--- TRY IT ---
Down to the last line, reproduce the data that follows, but skip the pictures.

--- SUPPLIED DATA ---
──────────

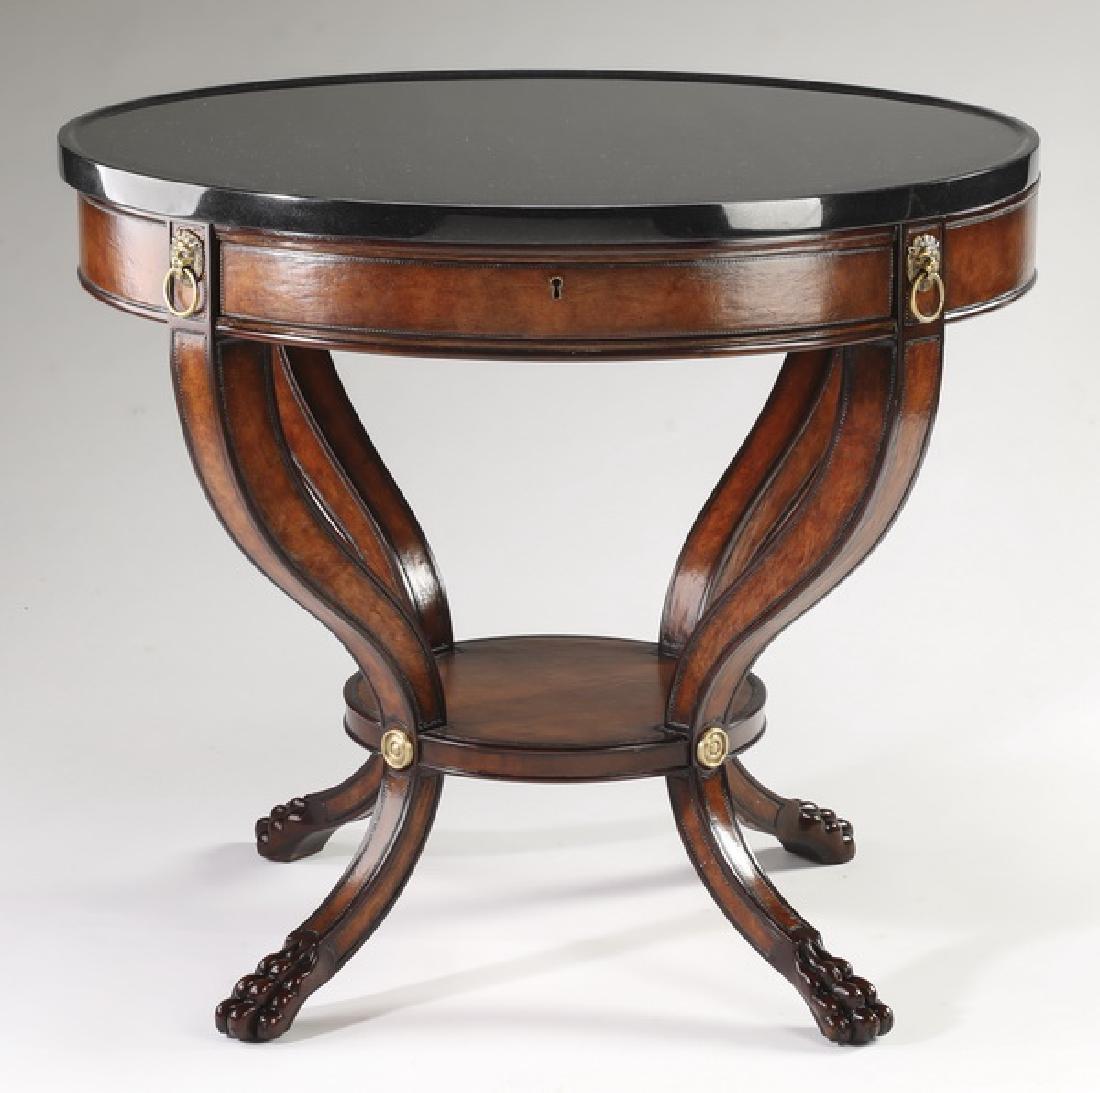 Henredon Regency style black marble top table
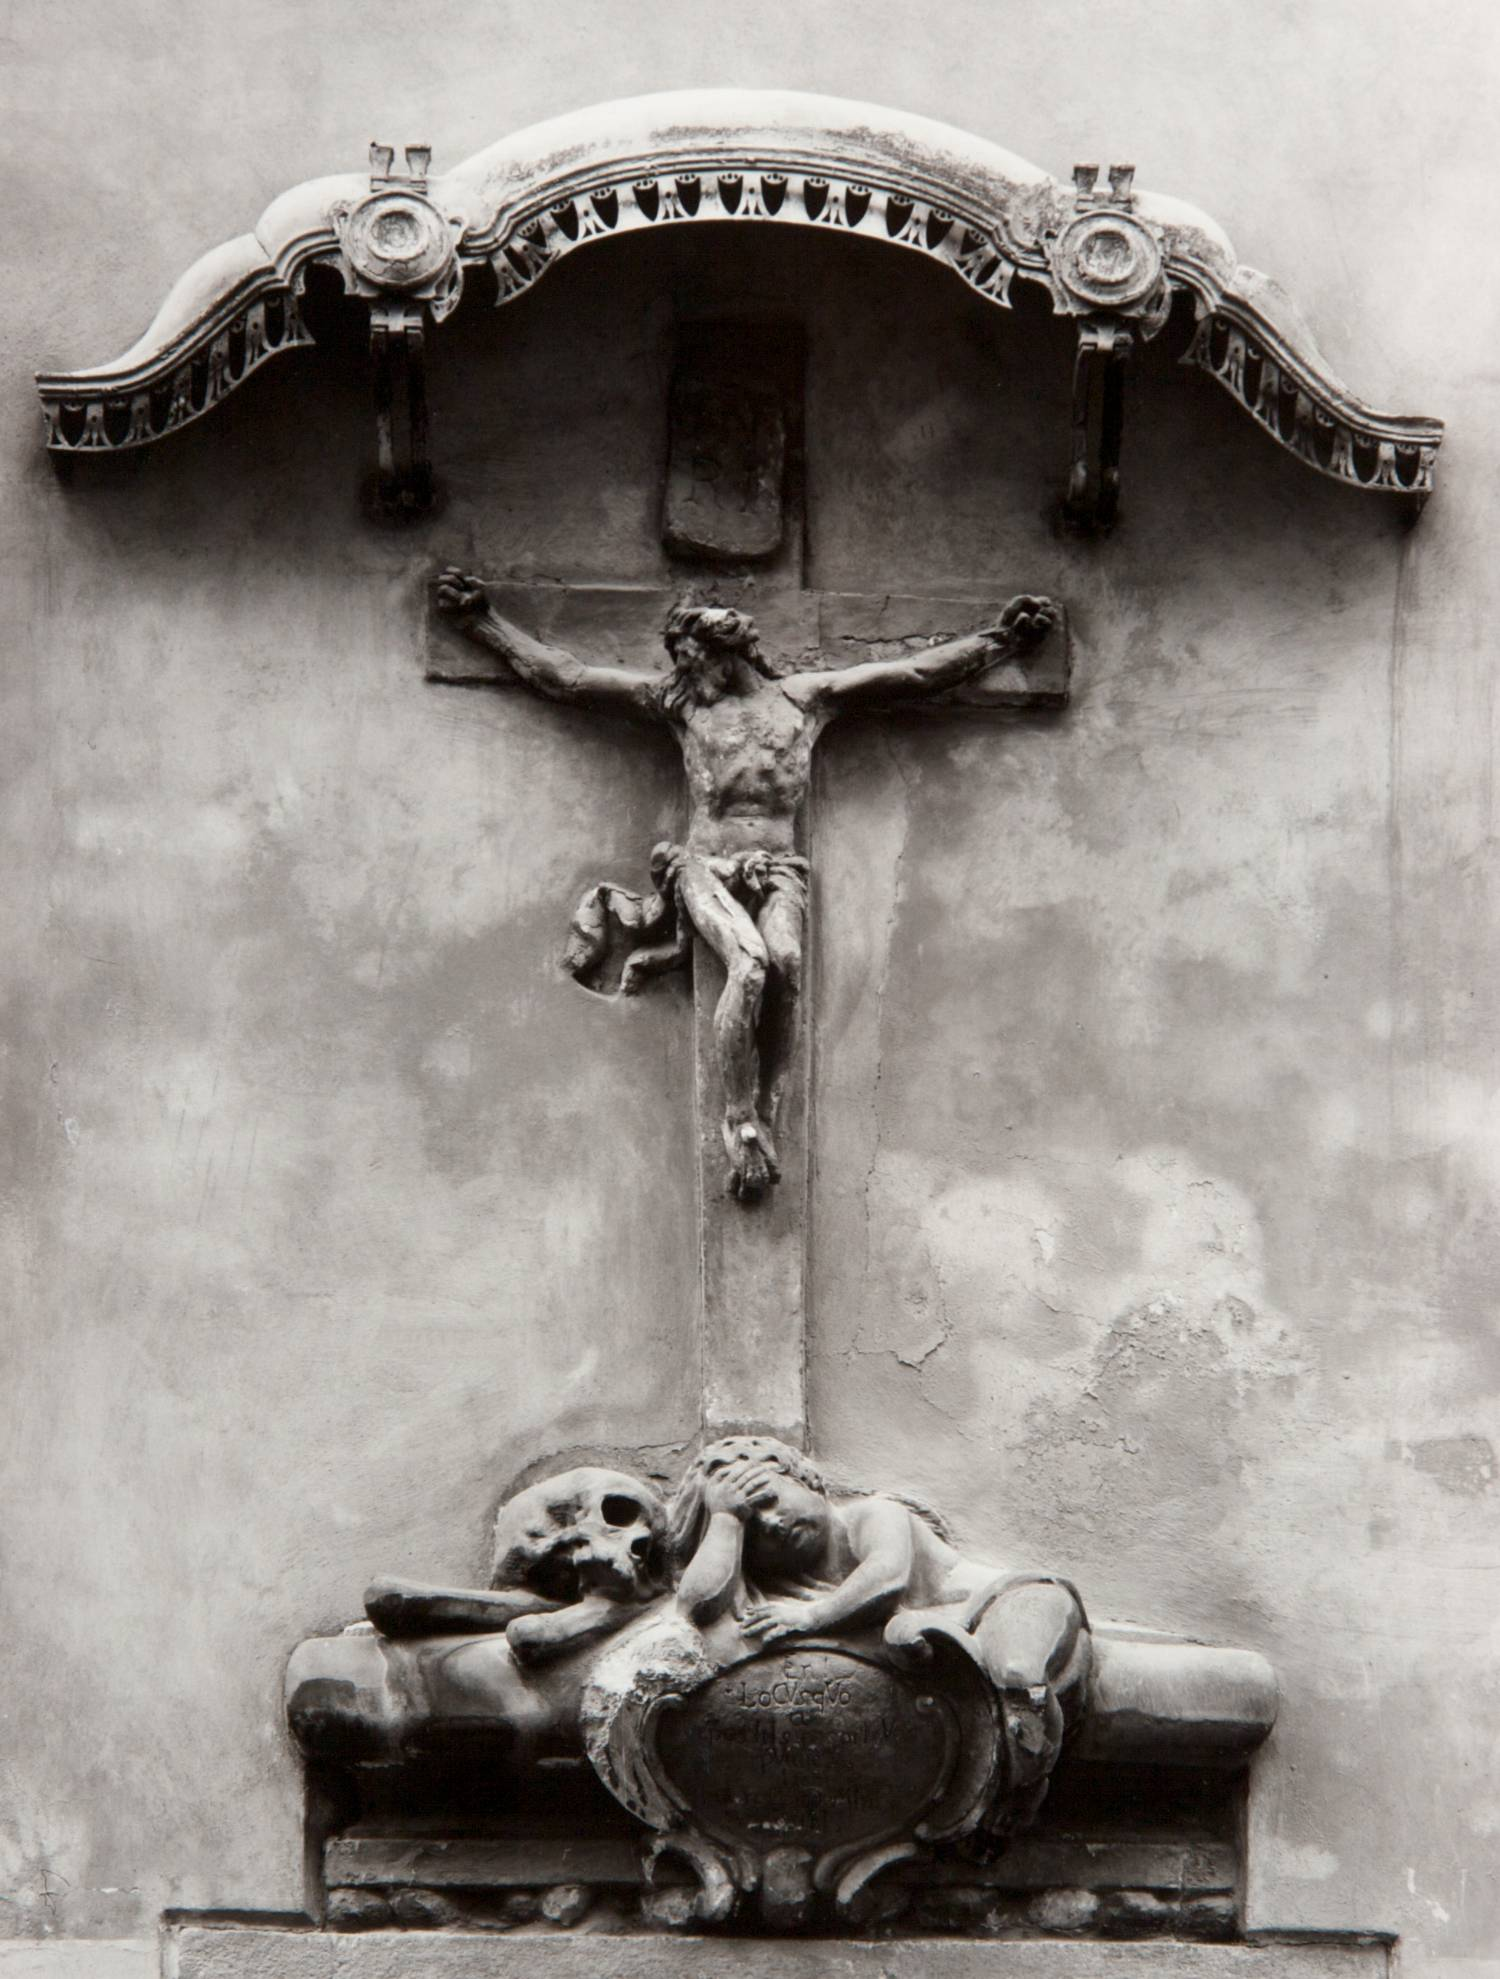 Crucifix at St. James (Prague, Czech Republic)
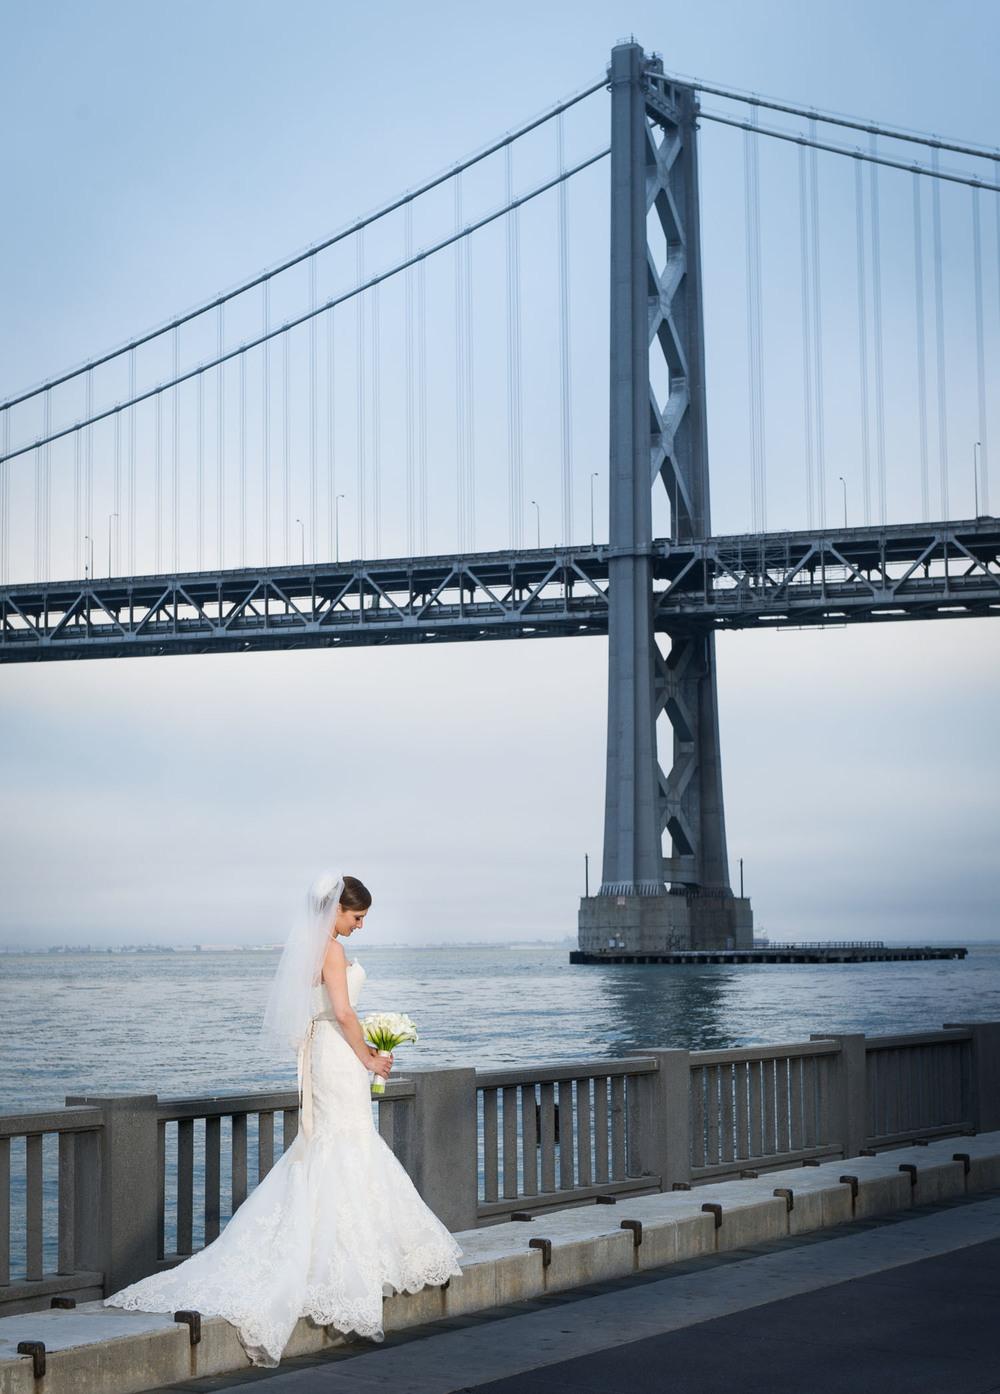 stewart_bertrand_wedding_photography_sp-1005.jpg

──────────

--- SOLVED EXERCISE ---
 Henredon Regency style black marble top table
 Crucifix at St. James (Prague, Czech Republic)
 stewart_bertrand_wedding_photography_sp-1005.jpg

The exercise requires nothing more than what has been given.